Organisms maintain ribosomal RNA gene repeats (rDNA) at stable copy numbers by recombination; the loss of repeats results in gene amplification. Here we report a mechanism of amplification regulation. We show that amplification is dependent on transcription from a noncoding bidirectional promoter (E-pro) within the rDNA spacer. E-pro transcription stimulates the dissociation of cohesin, a DNA binding protein complex that suppresses sister-chromatid-based changes in rDNA copy number. This transcription is regulated by the silencing gene, SIR2, and by copy number. Transcription-induced cohesin dissociation may be a general mechanism of recombination regulation.

In most organisms, recombination is necessary for DNA repair, chromosome segregation, and the rescue of stalled replication forks. If not properly regulated, however, recombination can lead to genomic instability (1) and can be toxic to cells (2).
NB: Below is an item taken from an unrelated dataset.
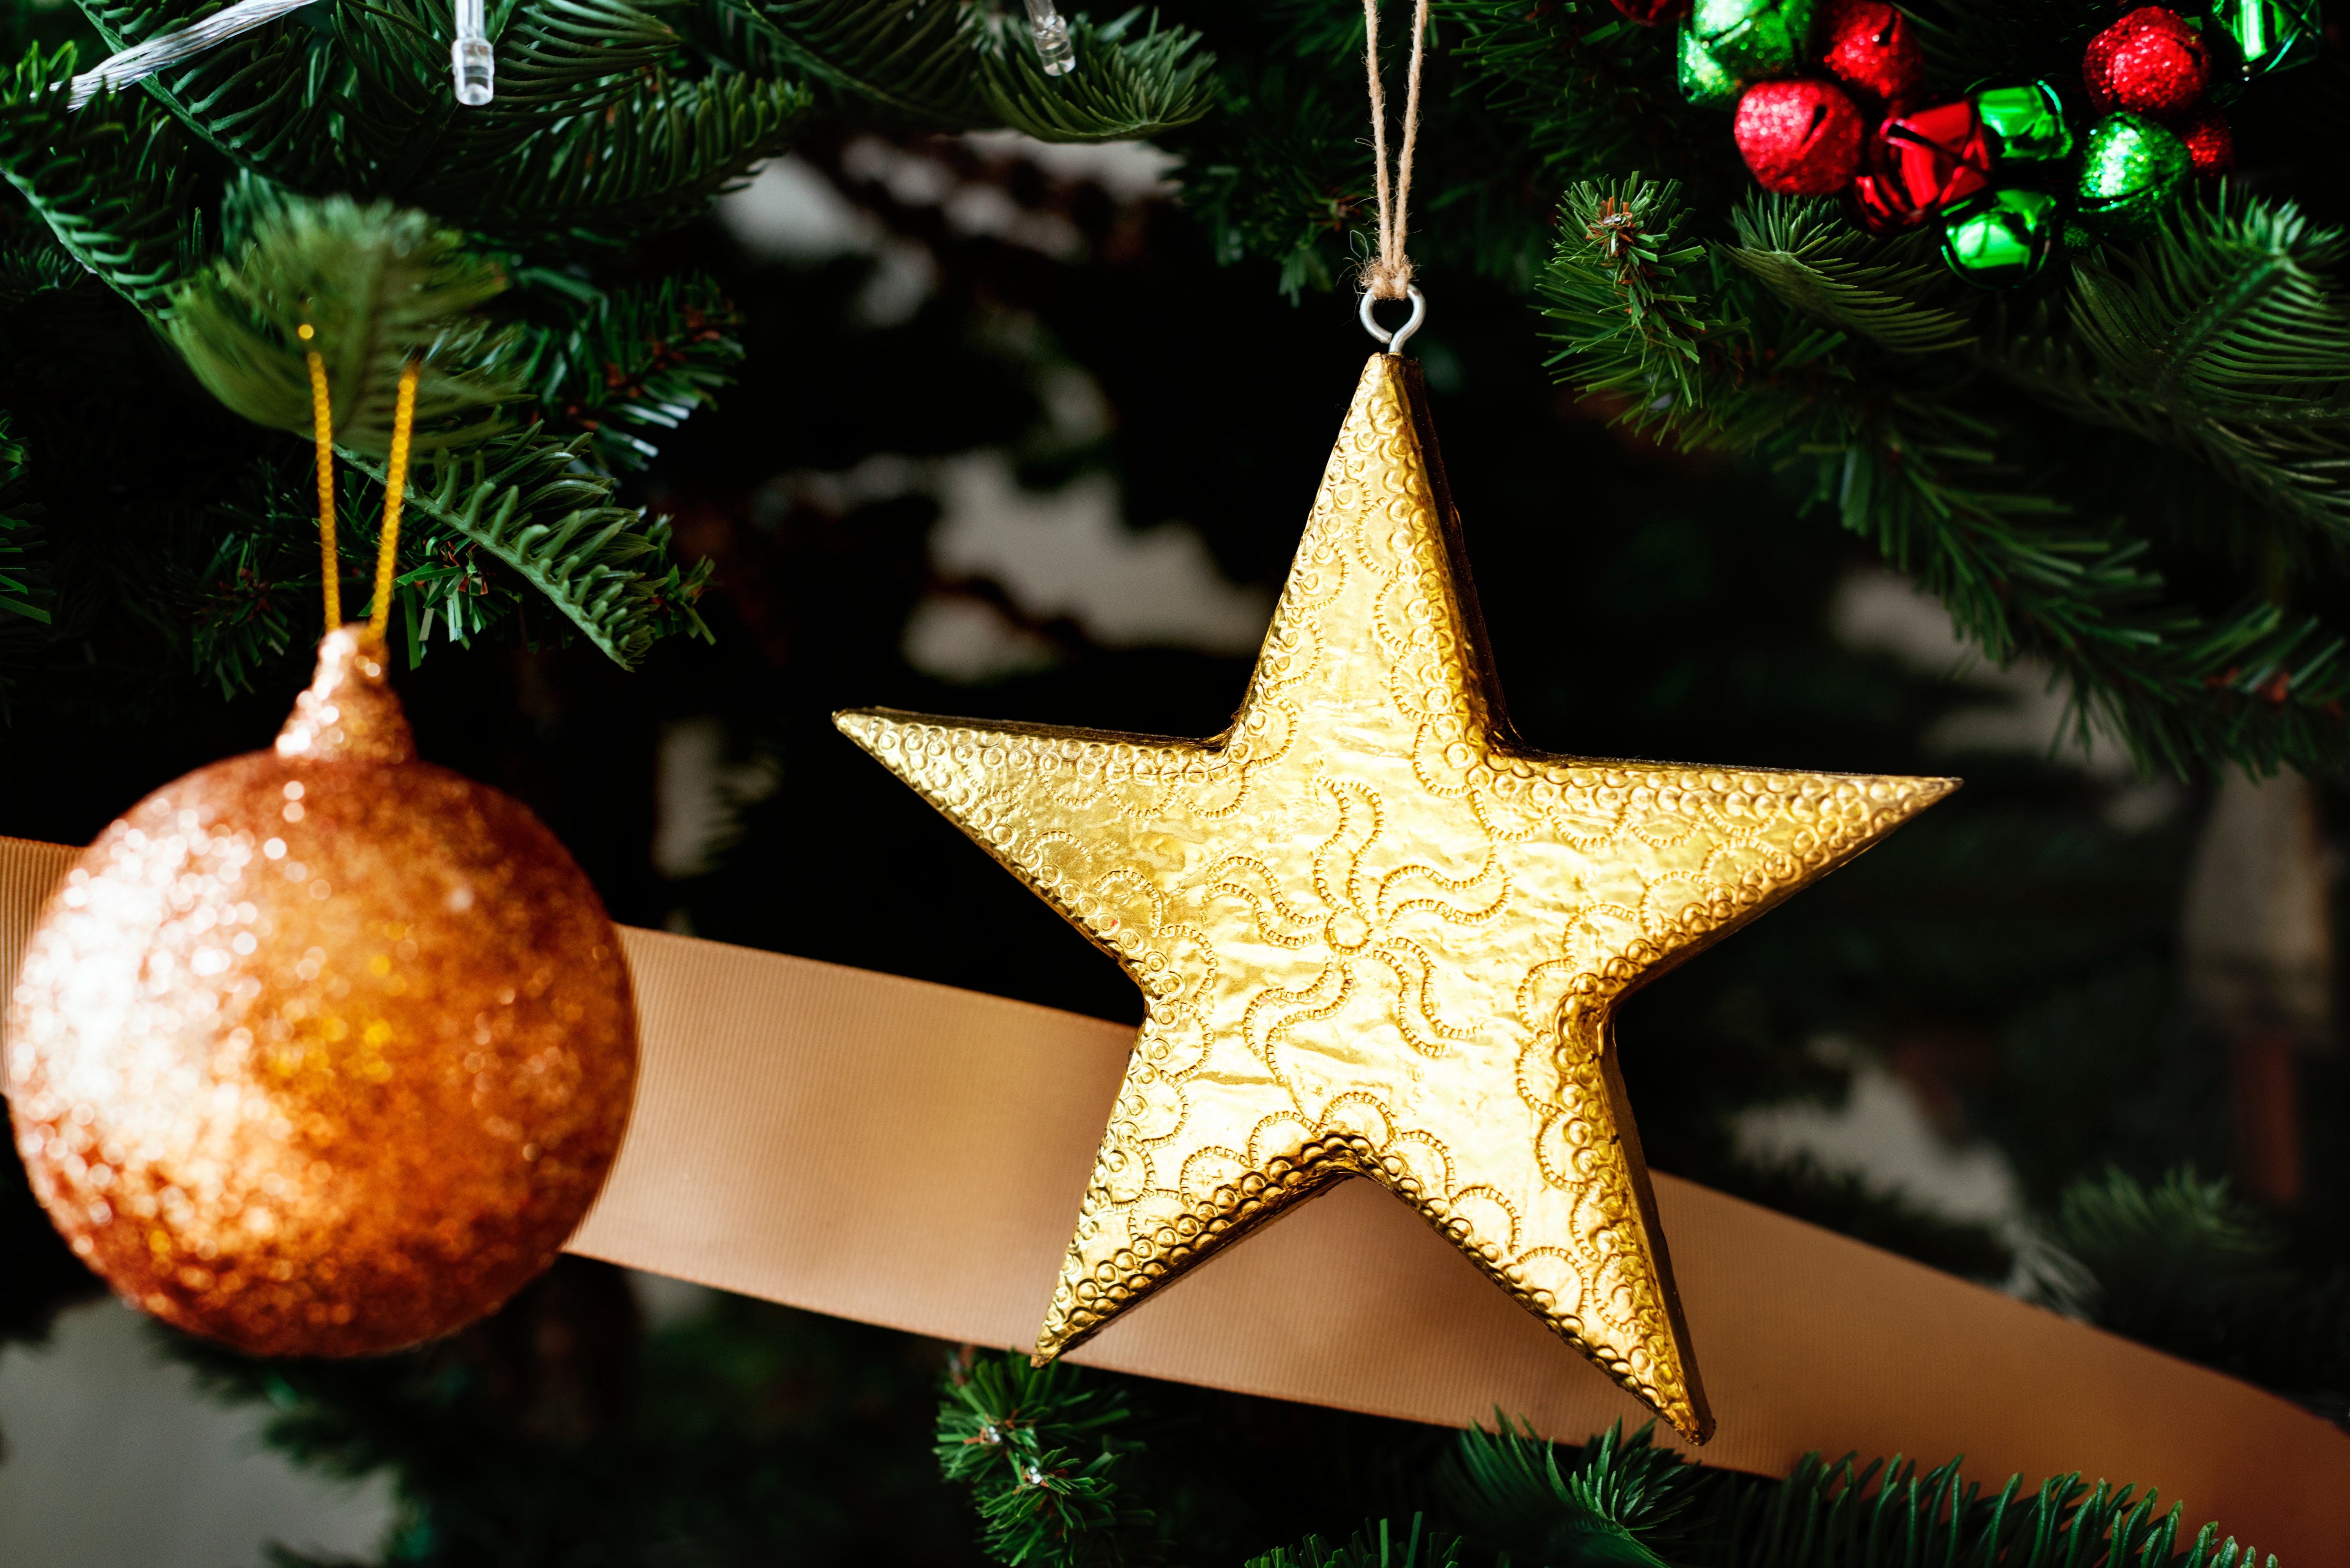 Yellow Star and Orange Bauble, Bauble, New year's eve, Winter, Vacation, HQ Photo
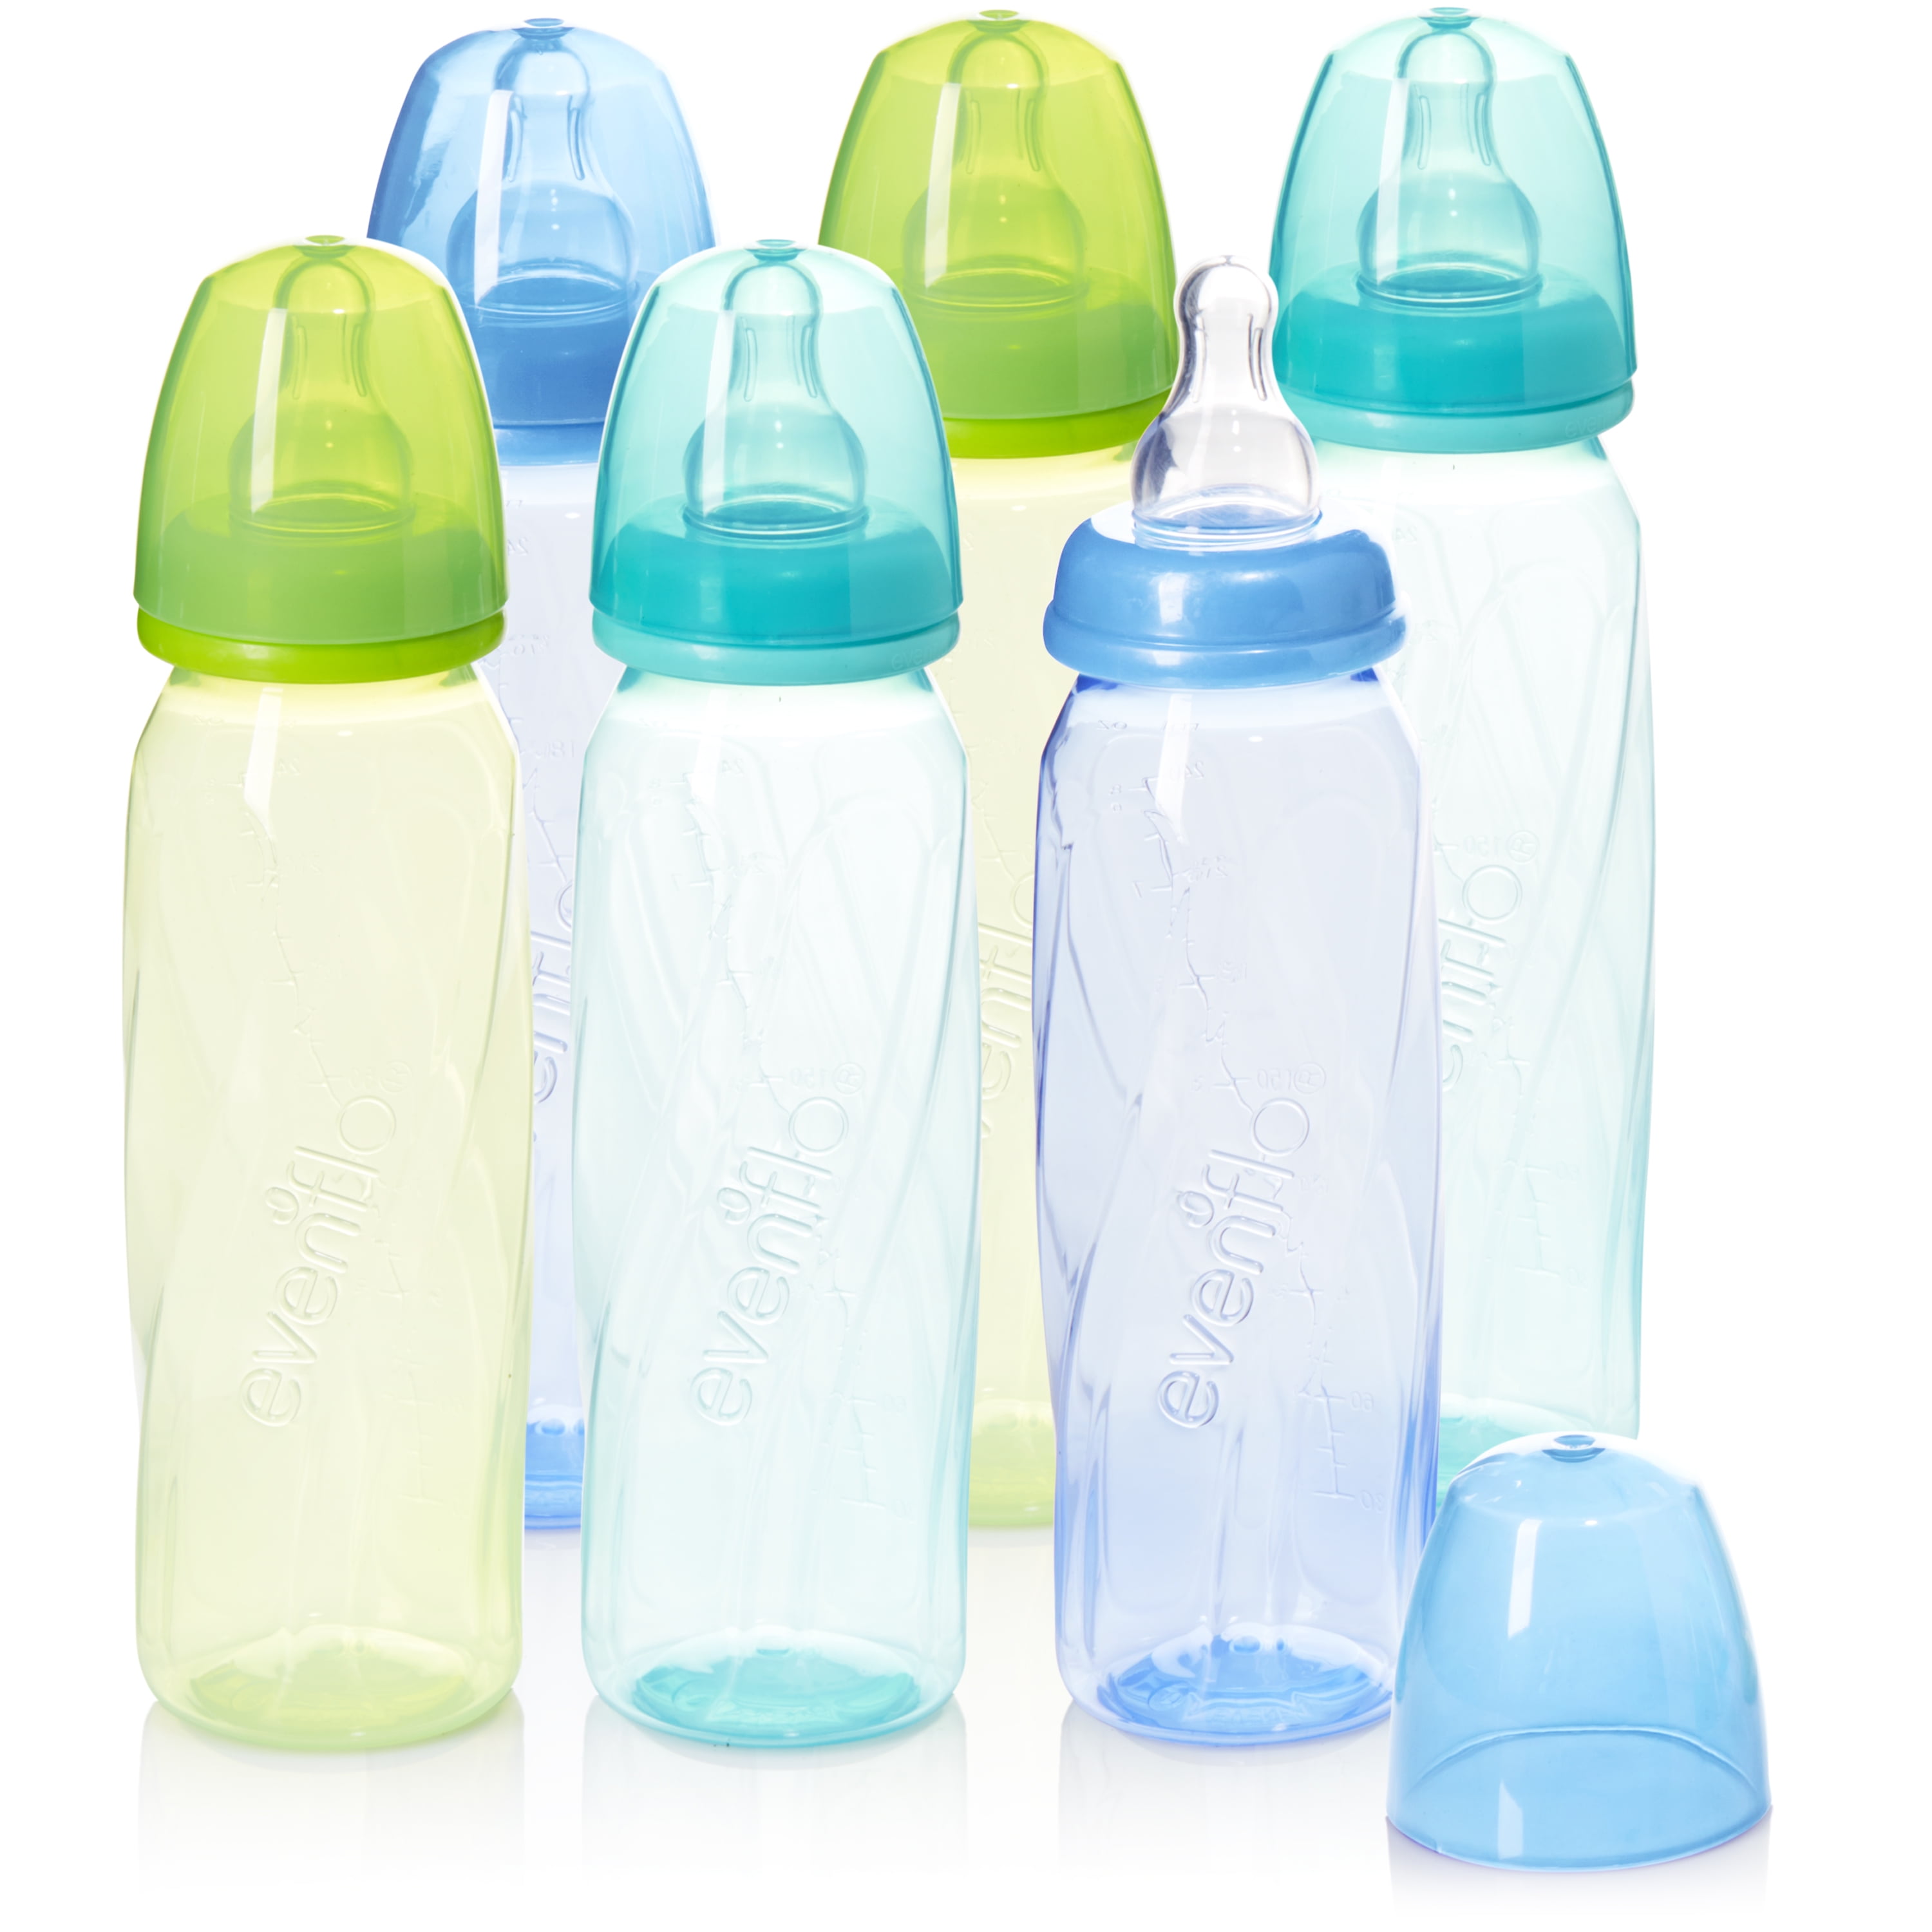 Picture Of Baby Bottles Inflatable Baby Bottle Abby Nals1990

It is not clear how cells maintain only the positive effects of recombination.

In repeated-gene families, such as the ribosomal RNA (rRNA) gene repeats (rDNA), recombination helps maintain copy number (3) and the evolutionary stability of the repeats (4). The number of rDNA copies is tightly regulated; if repeats are deleted or inserted, copy number is quickly restored to that of the wild type (5, 6). One way that copy number is maintained is by gene amplification after deletional recombination. In the yeast Saccharomyces cerevisiae, this amplification is dependent on the replication-fork blocking protein, FOB1, and a ∼520-base pair (bp) cis-acting factor called EXP, which is found in the rDNA intergenic spacer (IGS) (Fig. 1A) (6, 7). In a recent Saccharomyces species phylogenetic foot-printing study, we found a highly conserved sequence that corresponds to a previously identified bidirectional RNA polymerase II (pol II) promoter (8) in EXP (9). This EXP promoter (named E-pro) does not appear to be associated with any coding function, and its position and conservation suggested it might play a role in rDNA amplification.

Fig. 1.

Bidirectional E-pro transcription is required for rDNA amplification. (A) rDNA occupies ∼60% of chr XII in S. cerevisiae. The 35S and 5S rRNA genes, IGS1 and 2, the origin of replication (rARS), the RFB, EXP, E-pro, and the CAR are indicated. Locations of Northern probes (NL and NR) and ChIP primers (E1 to E7) are shown. (B and C) CHEF gel showing chr XII sizes of various two-copy strains ∼45 generations after FOB1 or control plasmid (vector) transformation. WT, wild-type two-copy strain (TAK201). E-pro was replaced with the following: (i) an empty cassette (Δ, strain TAK222); (ii) a bidirectional Gal promoter in both orientations (GAL1/10 +/-, strains TAK223 and TAK224); and (iii) a unidirectional Gal promoter (GAL7), with transcription in the RFB (R, strain TAK225) and rARS (L, strain TAK226) directions (25). Two independent transformants were analyzed for each mutant. M is the Hansenula wingei marker. (B) is an ethidium bromide-stained gel and (C) is an autoradiogram of (B), probed with an rDNA probe showing chr XII position. (D) CHEF gel showing the effects of repressing the GAL1/10 promoter and of transcription termination on rDNA amplification. In the left panel, amplification was induced as in (B), and after ∼45 generations, half of the cultures were shifted to glucose media. Chr XII sizes were observed as in (C) at various generations after FOB1 transformation. The right panel shows GAL1/10 transcription inhibited in each direction by a pol II (URA3) terminator (fig. S1). Termination (Ter.) +/- (strains TAK227 and TAK228) indicate directions of transcription termination. C indicates the strain before FOB1 transformation.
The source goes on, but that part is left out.